WCount = pd.concat([W06,W07,W08,W09],axis=1) #concat each of the booleans for June-Sept
df['WCount'] = WCount.sum(axis=1) #add the number of summer months with excess moisture
Widx = df.WCount >=2 #boolean index of two or more months
Wdf = df.loc[Widx] # dataframe with years that have at least 2 or more summer months of excess moisture 

Wdf.head(5)

Unnamed: 0,Year,Sor_Yield,Corn_Yield,PCP1,PDSI1,PCP2,PDSI2,PCP3,PDSI3,PCP4,...,PDSI9,PCP10,PDSI10,PCP11,PDSI11,PCP12,PDSI12,PCP,DCount,WCount
0,2018,91.599998,106.5,0.63,-0.55,0.42,-0.53,0.59,-1.03,1.09,...,0.11,3.31,1.53,0.59,1.43,1.63,2.34,24.61,0,4
1,2017,81.5,107.800003,1.03,0.46,0.05,-0.57,2.11,0.06,2.25,...,2.17,1.78,2.4,0.1,-0.54,0.09,-0.78,24.55,0,4
2,2016,91.900002,103.400002,0.12,-0.25,0.87,-0.06,0.39,-0.84,5.59,...,1.69,0.05,-0.79,0.33,-1.25,0.47,-0.01,21.07,0,4
7,2011,76.300003,78.0,0.37,-0.72,0.5,-0.61,0.67,-0.95,2.07,...,0.64,3.05,1.71,0.45,1.42,0.61,1.44,22.93,1,3
8,2010,81.0,83.400002,0.12,4.84,0.41,4.53,2.02,4.7,3.36,...,4.71,0.32,-0.48,0.37,-0.66,0.24,-0.75,19.6,0,4


**Export a csv for the NW crop reporting district**
1. NWdf as the entire set of NW data
2. NWDF as NW deficit moisture data
3. NWWDf as NW excess moisture data

In [19]:
df.to_csv('NWdf.csv', index=False) # entire dataset
DFdf.to_csv('NWDFdf.csv', index=False) # summers with deficit moisture
Wdf.to_csv('NWWdf.csv', index=False) # summers with excess moisture 

**Sources** <br/>
McCabe Jr, G. J., Wolock, D. M., Hay, L. E., & Ayers, M. A. (1990).
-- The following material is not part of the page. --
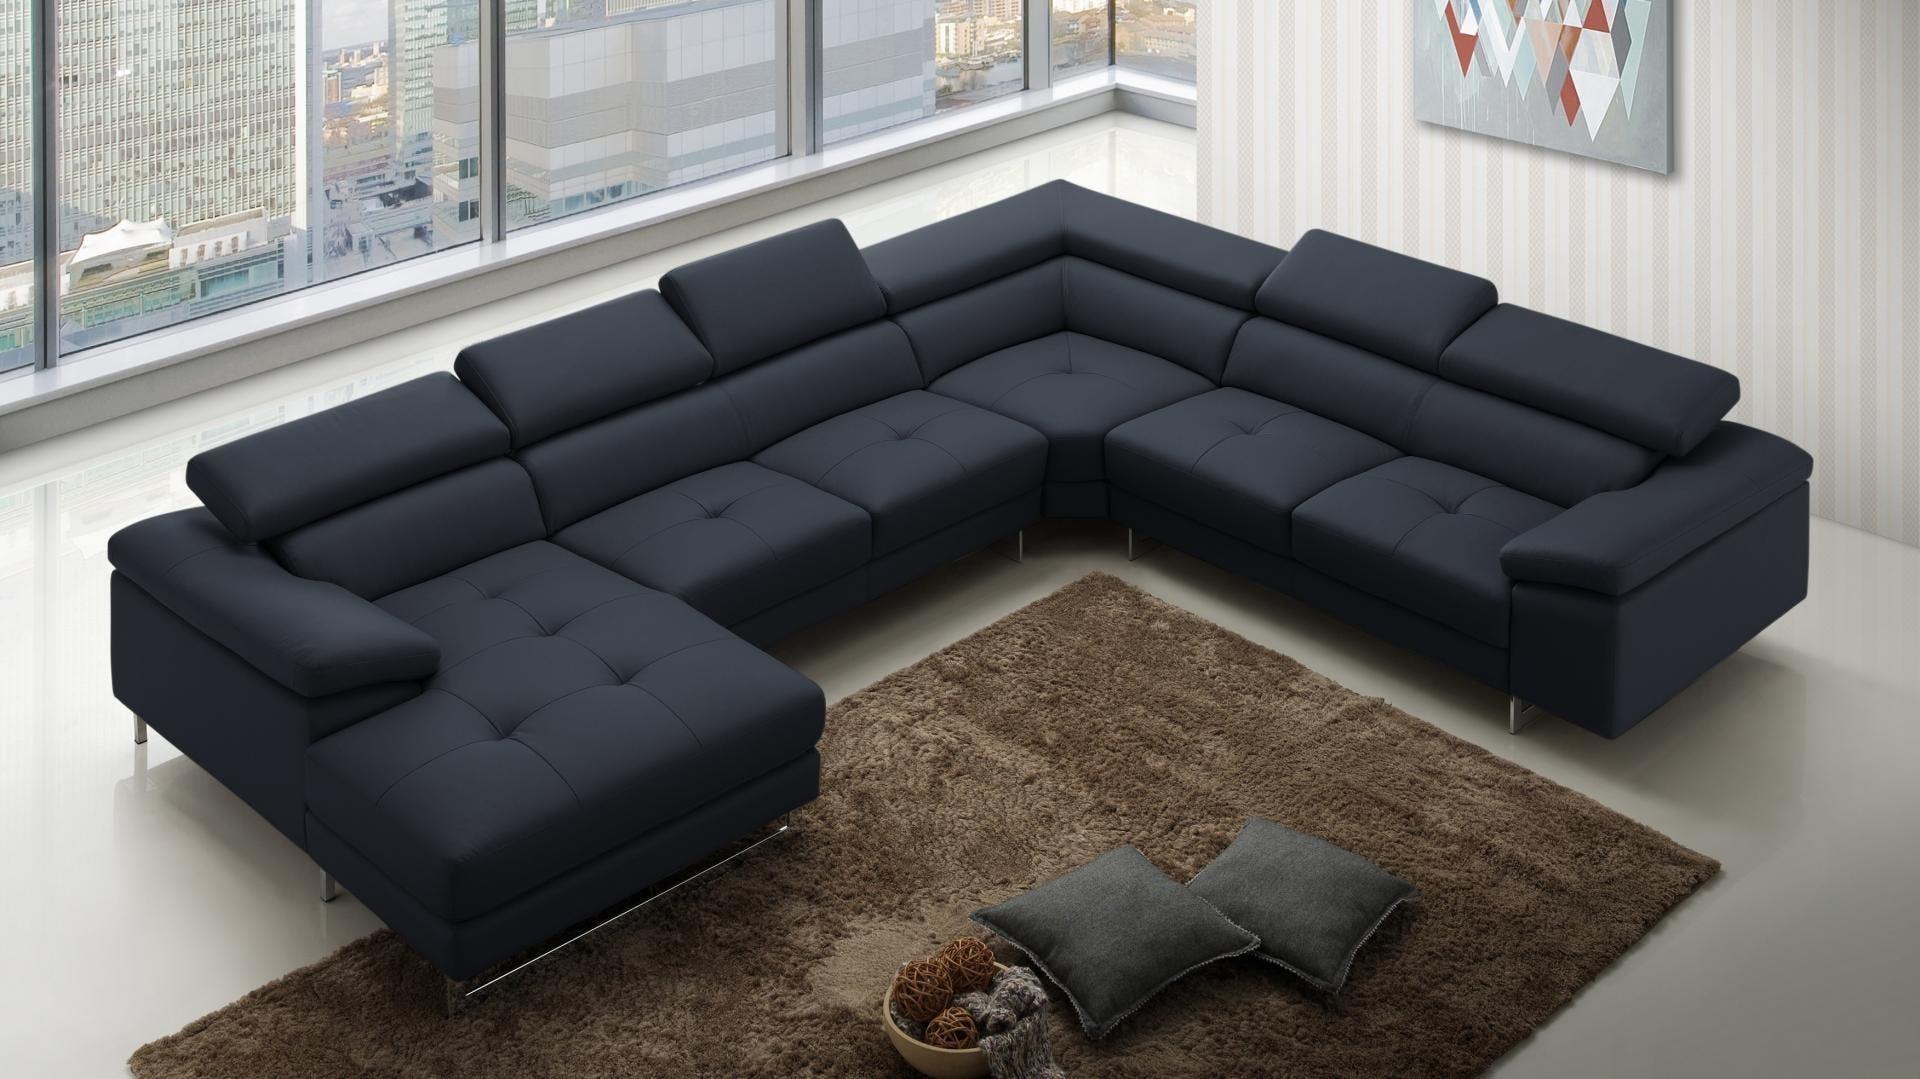 Astonishing Boston Xpress Black Leather Modular Lounge Lounge Life Andrewgaddart Wooden Chair Designs For Living Room Andrewgaddartcom

EFFECTS OF CLIMATIC CHANGE ON THE THORNTHWAITE MOISTURE INDEX 1. JAWRA Journal of the American Water Resources Association, 26(4), 633-643. <br/>

Thornthwaite, C.W. (1948) An Approach toward a Rational Classification of Climate. Geographical Review, 38, 55-94.